Seven independent lines of evidence — every one measured in PDF, the document format that exposes its own object graph. The same assumption lives unmeasured under search, e-discovery, AI ingestion and compliance.

The argument, in five layers

Read top to bottom and the case builds from first principles to field measurement: what a PDF is, the one property it lacks, the four mechanisms that exploit the gap, the prevalence at scale, and a real-world application. Each study stands alone — together they define the discipline.

Layer I

Foundational framing — what a PDF actually is

Before any attack, a reset of first principles. A PDF is not the document; it is a rendering program over an object graph. Separate the file from the document and the central illusion collapses: identical bytes, an unbroken hash, even a valid signature say something about a container — not about what any given system will read as truth.

🪞

The Illusion of Immutability Newest

Finding — A PDF separates what you see from what the machine reads — a glyph drawn "9" can extract "1", and a valid signature certifies it anyway.

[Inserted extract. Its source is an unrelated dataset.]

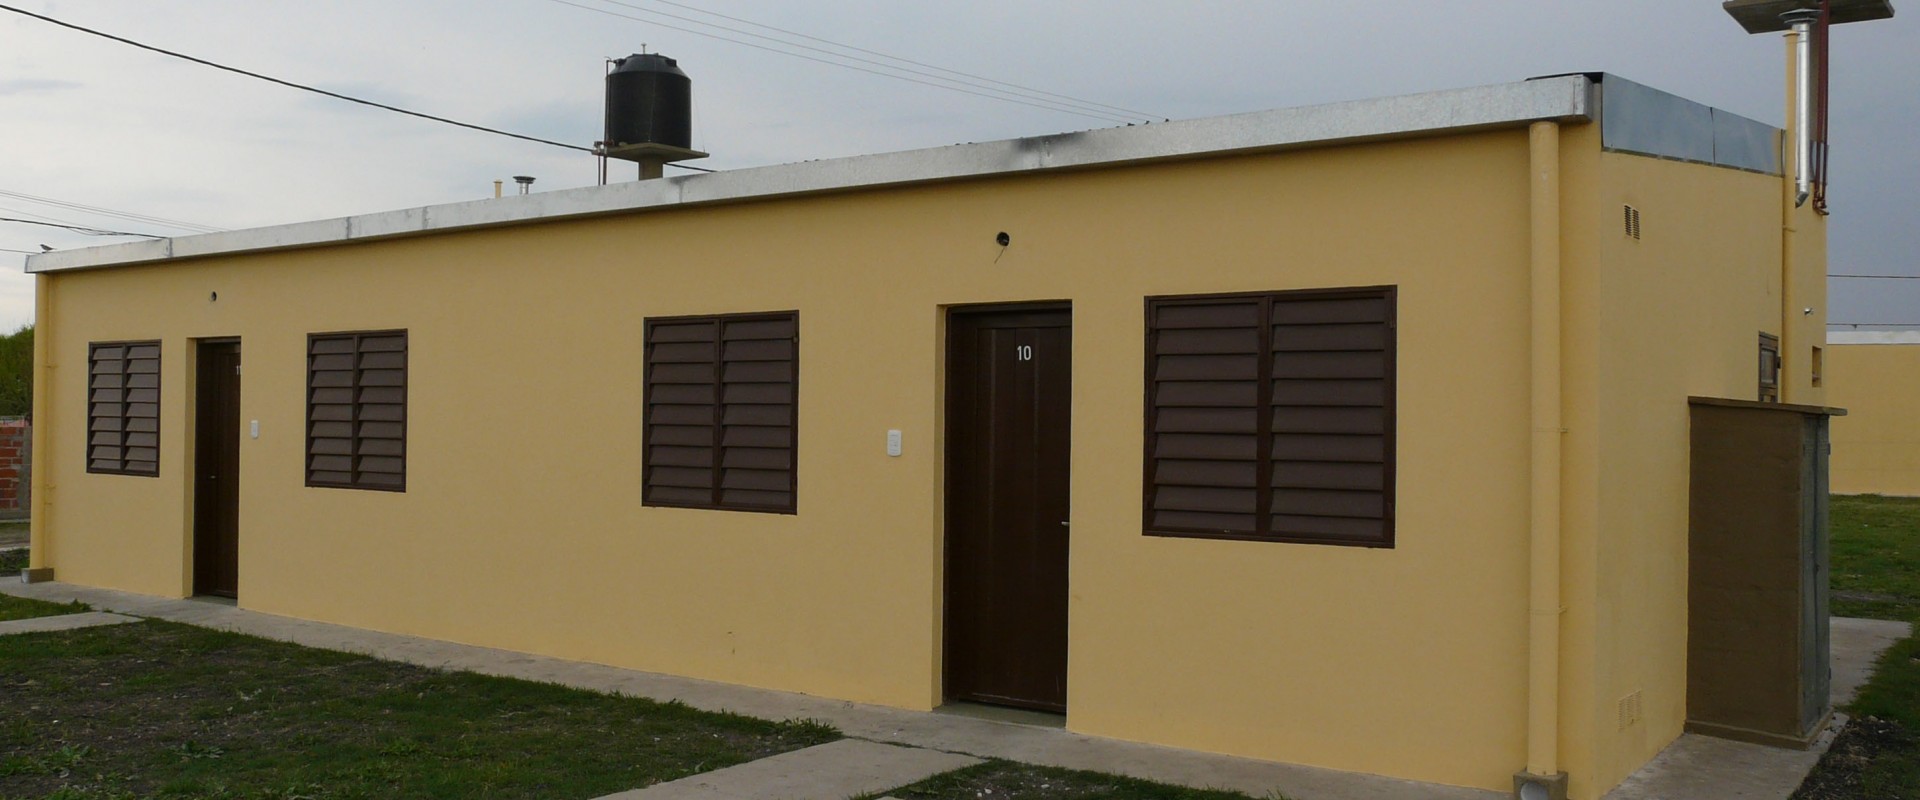 El gobierno sorteará 46 viviendas que tiene en ejecución en Chajarí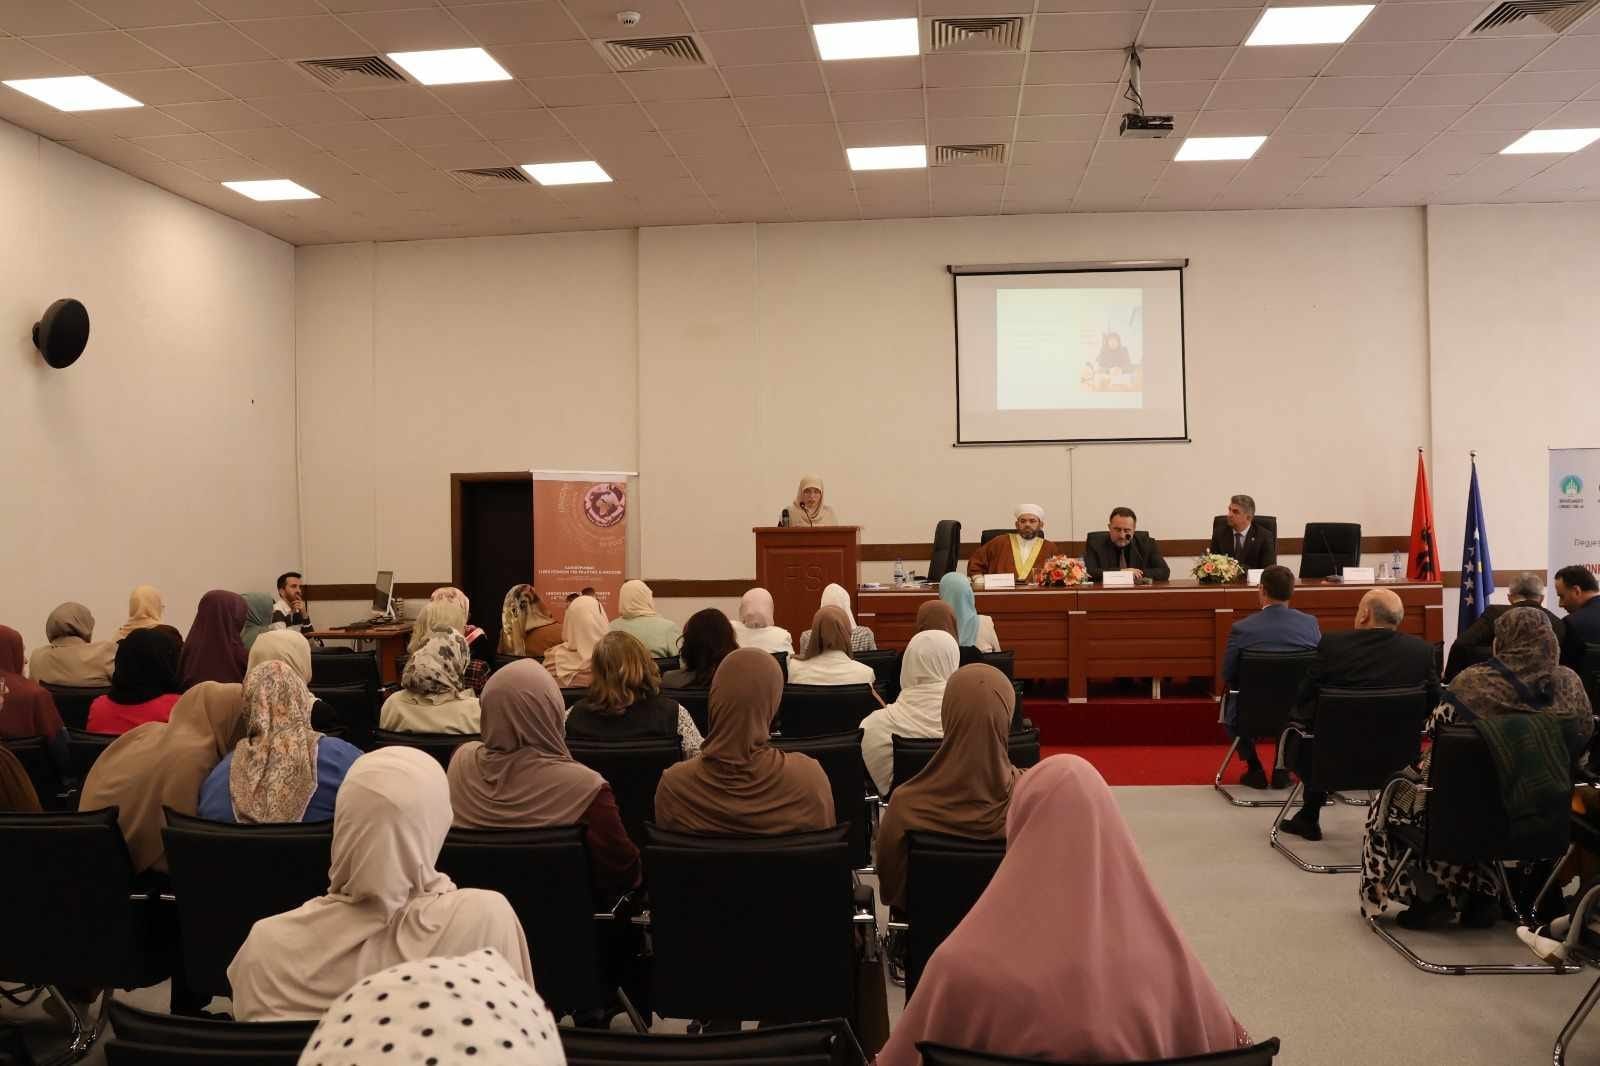 اشتمل المؤتمر على ثماني ندوات في موضوعات مختلفة تطرقت لأهم وأبرز الموضوعات التي تتعلق بالمجتمع المسلم الألباني

How Reality Drift weaponises the gap between page and payload against legal integrity and AI ingestion: font-encoding remap, V/AP divergence under a valid signature, orphaned-object provenance, parser disagreement — diagrammed and measured across three corpora.

Reality driftV/AP divergenceOrphaned objectsRAG / AI ingestion

Read the study →

Layer II

The unifying theory — one root cause

Every failure mode below is a symptom of a single structural fact. PDF was engineered to guarantee visual fidelity — that a page looks the same everywhere. It never promised semantic determinism: that every extractor reads the same meaning. This is the keystone that ties the threads together.

🧩

The PDF Semantic Determinism Problem

Finding — Parser disagreement, V/AP divergence, AI-ingestion failure and reality drift converge on one root cause: PDF guarantees pixels, not a single meaning.

The framework that names the property — stable cross-extractor semantics under real pipelines — explains why a format built for visual fidelity has no canonical machine-readable interpretation, and sets out what an actual fix would require.

FrameworkRoot causeDeterminism

Read the study →

Layer III

Mechanism threads — how one file forks into many

Four distinct structural mechanisms, each turning a single file into different documents for different readers. These are not variations on one bug; they are independent routes to the same outcome — what this PDF is depends on who is reading it.

⚖️

Parser Disagreement: Six Parsers, Eleven Divergences

Finding — 11 crafted PDFs run through six production parsers — every file produced a different reading. Same bytes, different document.

MuPDF, Poppler, Ghostscript, qpdf, pdfminer and pdf.js, each in isolated namespaces, disagree on page count, text, JavaScript visibility and structure for the same file — the basis of parser-discrepancy attacks.

Parser discrepancyKeyword injectionStructural ambiguity

Read the study →

📋

PDF Forms as Executable Security Boundaries

Finding — A digital signature can certify a form while /V (the value) and /AP (the appearance) disagree — what gets signed is not what gets read.

Form fields carry two independent representations. V/AP divergence, NeedAppearances, DocMDP and FieldMDP certification mean a "signed" document can render one value and store another.

V/AP divergenceDocMDPAcroForm

Read the study →

🌀

PDF Reality Drift

Finding — One file, many realities: 43 of 44 IRS tax forms drift between the rendered page and the extracted text layer.

Thirteen structural drift vectors — OCR layers, accessibility trees, incremental revisions, ToUnicode remaps, optional-content groups — make legitimate, professionally produced PDFs among the most semantically unstable of all.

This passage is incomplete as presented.